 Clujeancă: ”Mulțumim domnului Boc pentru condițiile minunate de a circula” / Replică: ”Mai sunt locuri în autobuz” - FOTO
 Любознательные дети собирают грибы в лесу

────────

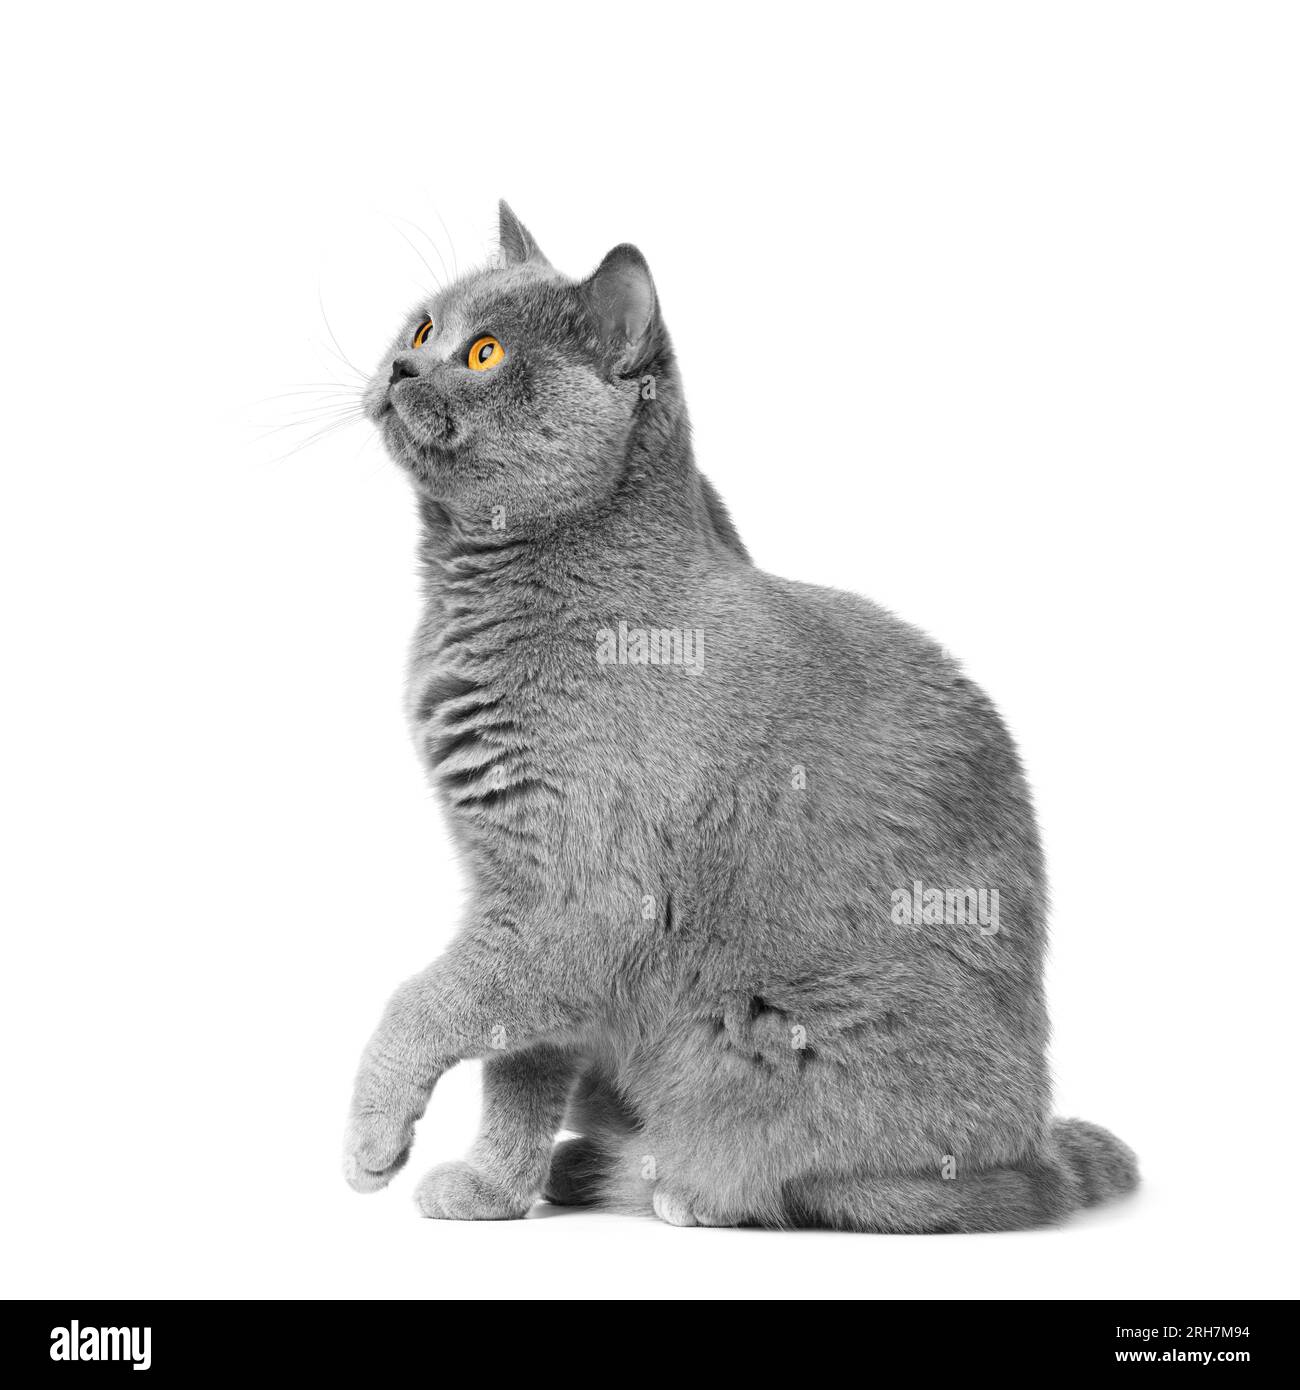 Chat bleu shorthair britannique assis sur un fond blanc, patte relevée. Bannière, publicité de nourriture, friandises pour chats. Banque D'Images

────────

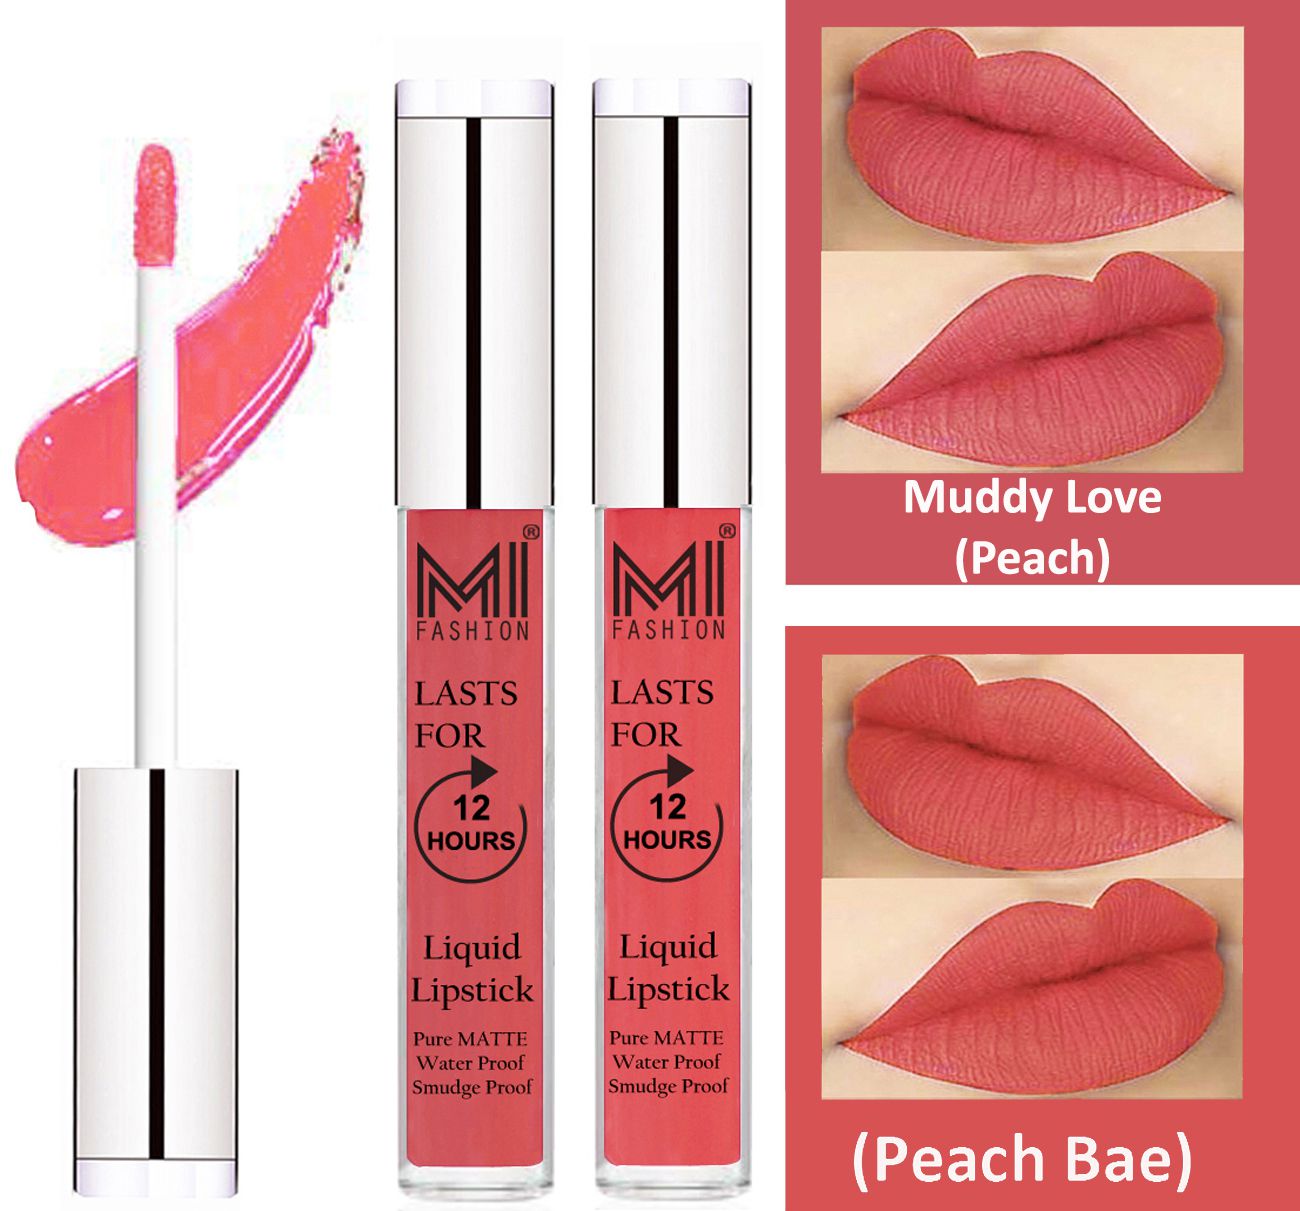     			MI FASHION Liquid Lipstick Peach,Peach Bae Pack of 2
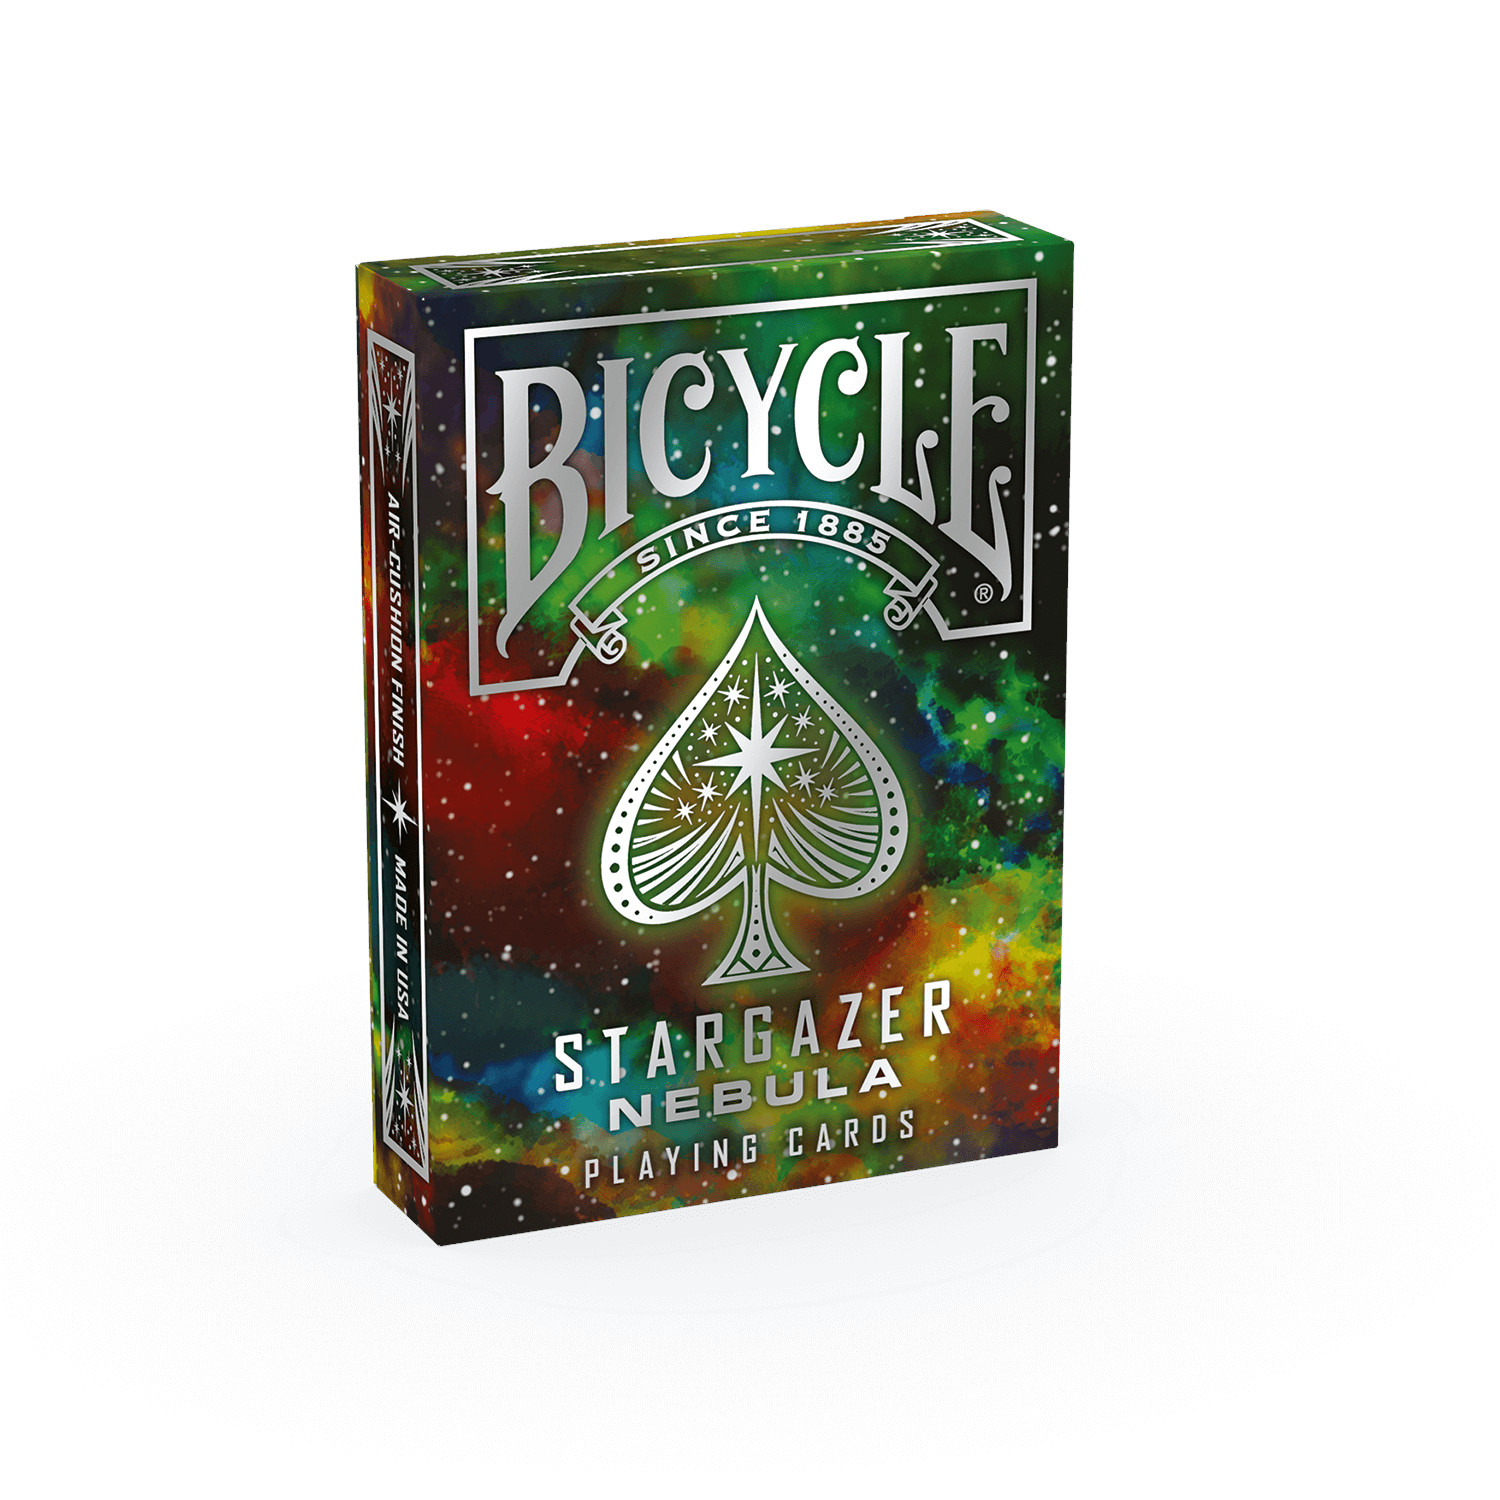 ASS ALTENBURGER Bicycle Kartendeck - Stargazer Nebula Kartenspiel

────────

• Task description
When the line with "domnului Boc pentru" is reached in the data above, start copying there, and copy each line exactly until the line with "Любознательные дети собирают грибы в лесу" has been copied; copy nothing else.

• Finished task
 Clujeancă: ”Mulțumim domnului Boc pentru condițiile minunate de a circula” / Replică: ”Mai sunt locuri în autobuz” - FOTO
 Любознательные дети собирают грибы в лесу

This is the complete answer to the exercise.